Н. Морозов был привлечен к ответственности за стихотворения «Проклятие», «Памяти 1873 – 75 годов», «Видения в темнице», «Древняя легенда», «Цепь», «Встреча», «Пророк». Обвинение, предъявленное Н. Морозову, было нелепым. Все семь стихотворений публиковались еще в 70-х годах. Своим двадцатипятилетним заточением (1881 – 1905) Н. Морозов понес наказание и за них, а согласно мировой судебной практике, ни один закон не карает дважды за одно и то же преступление. Более того, в 1906 году эти же стихи были опубликованы Н. Морозовым в сборнике стихов «Из стен неволи», который свободно продавался по всей России.
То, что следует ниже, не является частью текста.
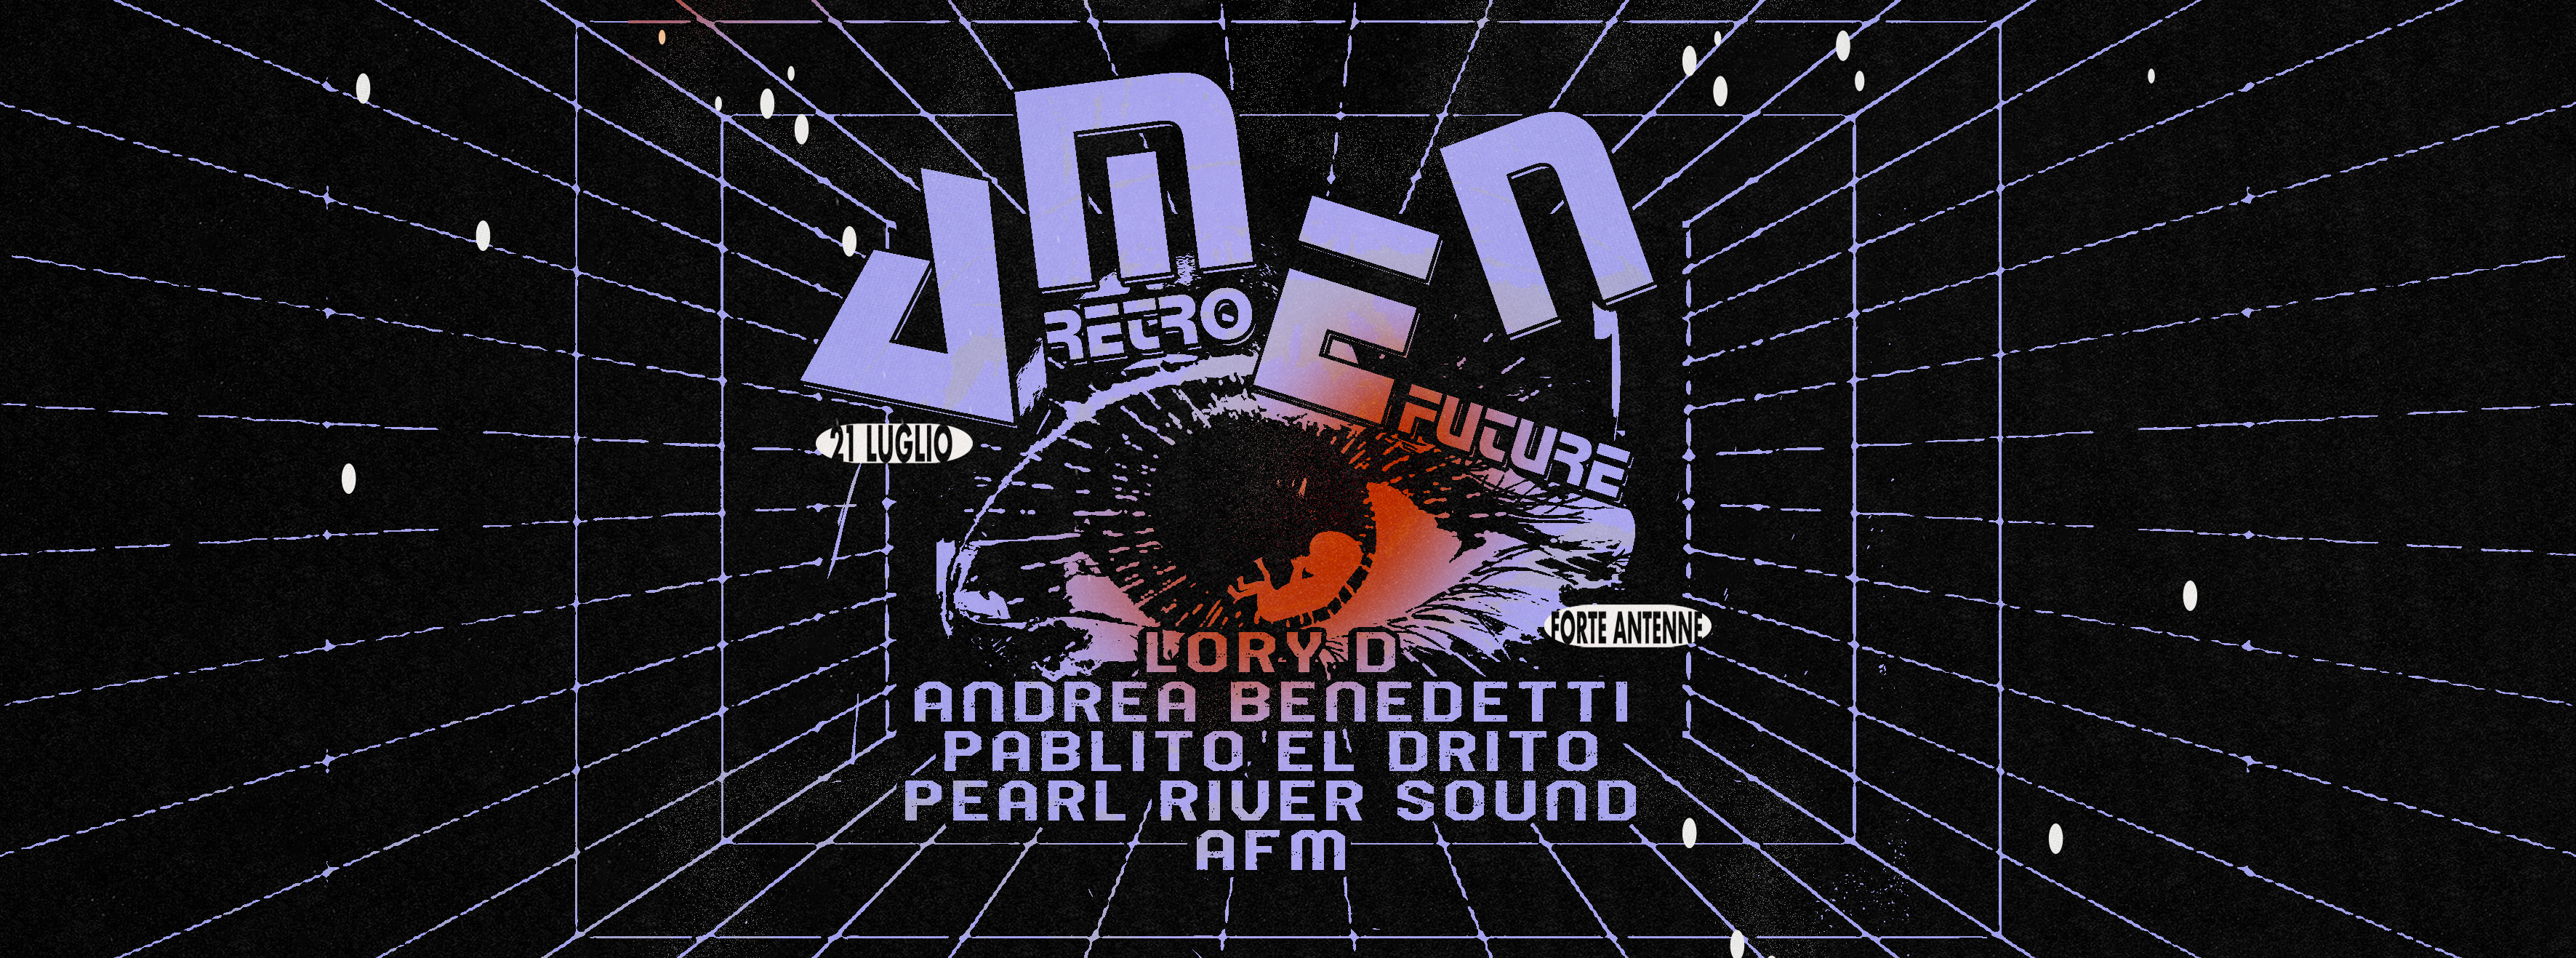 AMEN retro-future w/ Lory D, Andrea Benedetti, Pablito el Drito, Pearl River Sound, AFM, - フライヤー裏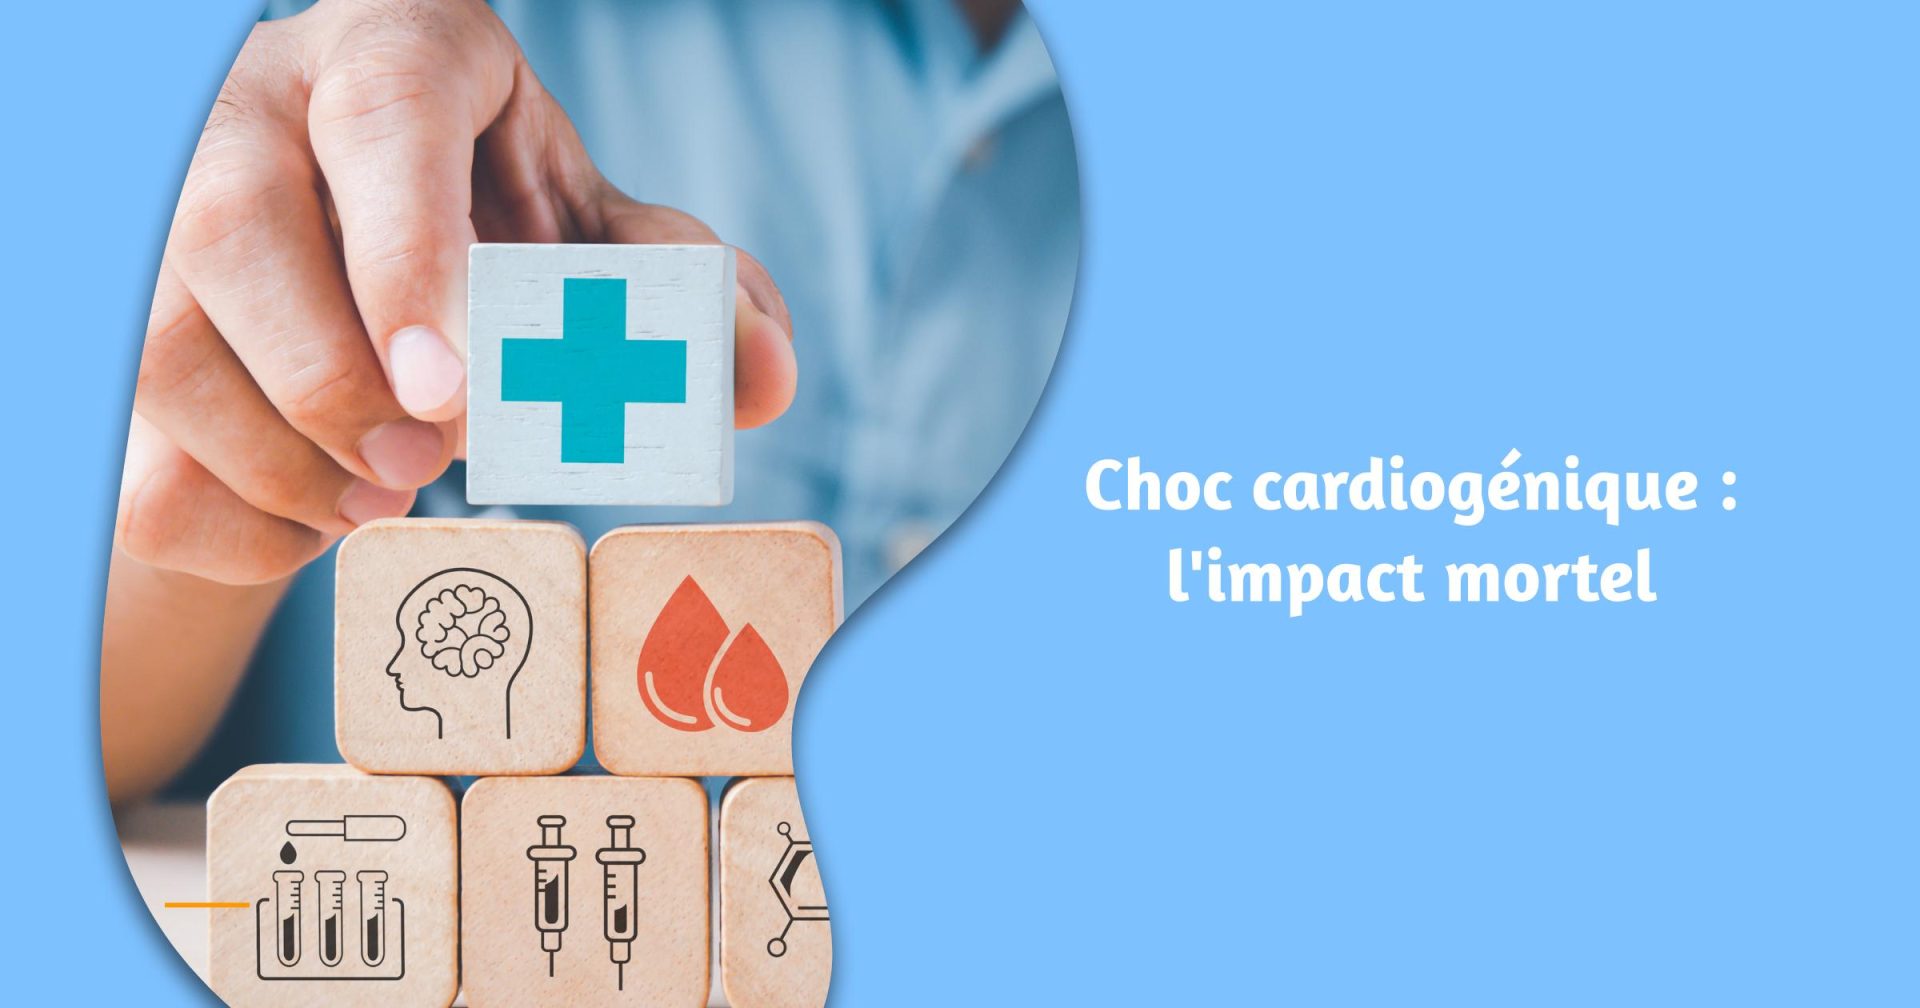 Choc cardiogénique : l'impact mortel

Все стихотворения носят по преимуществу общий характер, представляют собой аллегорическое изображение борьбы насилия и свободы во всемирной истории, и для того, чтобы придать им вид злободневных политических высказываний, обвинителю пришлось прибегнуть к подтасовке и произвольной компоновке не связанных друг с другом выдержек13.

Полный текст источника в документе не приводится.